Fault-Tolerant Embedding of Pairwise Independent Hamiltonian Paths on a Faulty Hypercube with Edge Faults

A Hamiltonian path in G is a path which contains every vertex of G exactly once. Two Hamiltonian paths P ₁=〈u ₁,u ₂,…,u _n 〉 and P ₂=〈v ₁,v ₂,…,v _n 〉 of G are said to be independent if u ₁=v ₁, u _n =v _n , and u _i ≠v _i for all 1<i<n; and both are full-independent if u _i ≠v _i for all 1≤i≤n. Moreover, P ₁ and P ₂ are independent starting at u ₁, if u ₁=v ₁ and u _i ≠v _i for all 1<i≤n. A set of Hamiltonian paths {P ₁,P ₂,…,P _k } of G are pairwise independent (respectively, pairwise full-independent, pairwise independent starting at u ₁) if any two different Hamiltonian paths in the set are independent (respectively, full-independent, independent starting at u ₁). A bipartite graph G is Hamiltonian-laceable if there exists a Hamiltonian path between any two vertices from different partite sets. It is well known that an n-dimensional hypercube Q _n is bipartite with two partite sets of equal size. Let F be the set of faulty edges of Q _n . In this paper, we show the following results:

1.	When |F|≤n−4, Q n −F−{x,y} remains Hamiltonian-laceable, where x and y are any two vertices from different partite sets and n≥4.

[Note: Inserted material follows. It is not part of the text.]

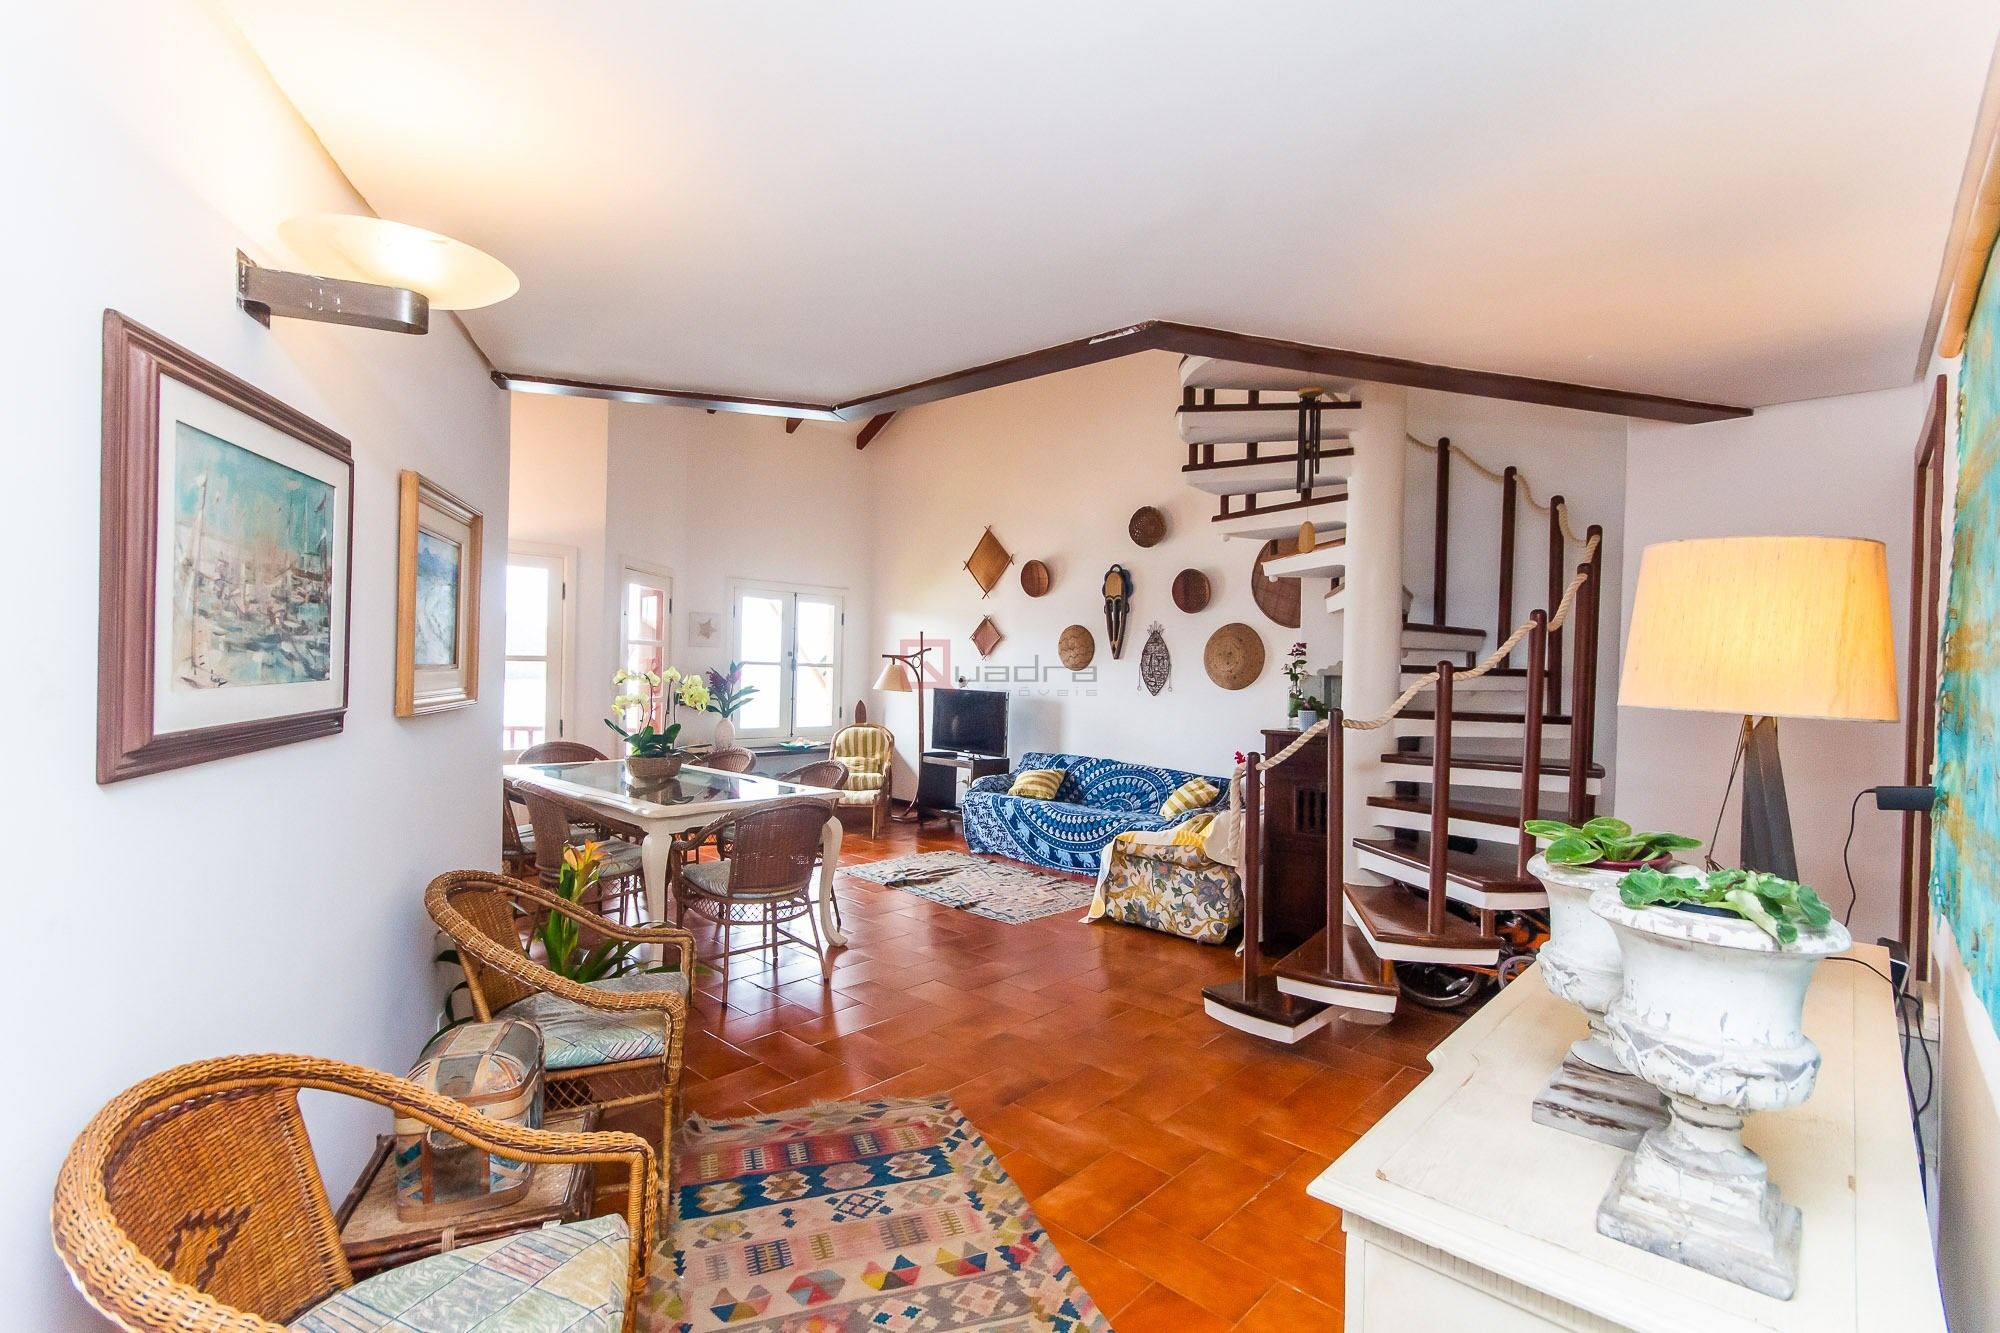 Apartamento com 3 dormitórios (1 suíte) para temporada em Caraguatatuba, no bairro Tabatinga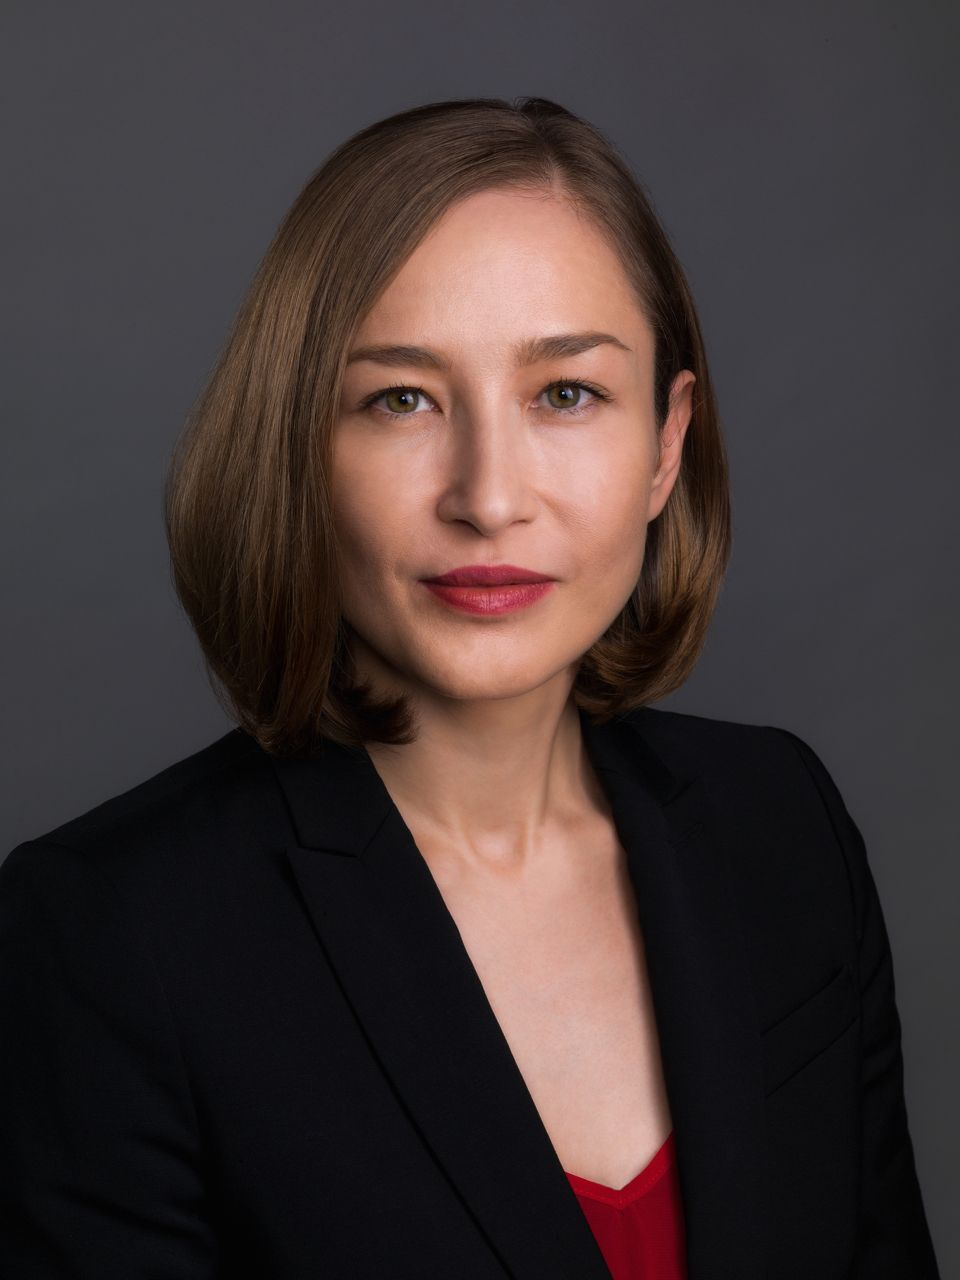 FØLGER RUSSISKE REAKSJONER: Russland-ekspert Katarzyna Zysk ved Institutt for forsvarsstudier følger med på hvordan russiske myndigheter uttaler seg om NATO-øvelsen Trident Juncture.

2.	When |F|≤n−2, Q n −F contains (n−|F|−1)-pairwise full-independent Hamiltonian paths between n−|F|−1 pairs of adjacent vertices, where n≥2.
3.	When |F|≤n−2, Q n −F contains (n−|F|−1)-pairwise independent Hamiltonian paths starting at any vertex v in a partite set to n−|F|−1 distinct vertices in the other partite set, where n≥2.
4.	When 1≤|F|≤n−2, Q n −F contains (n−|F|−1)-pairwise independent Hamiltonian paths between any two vertices from different partite sets, where n≥3.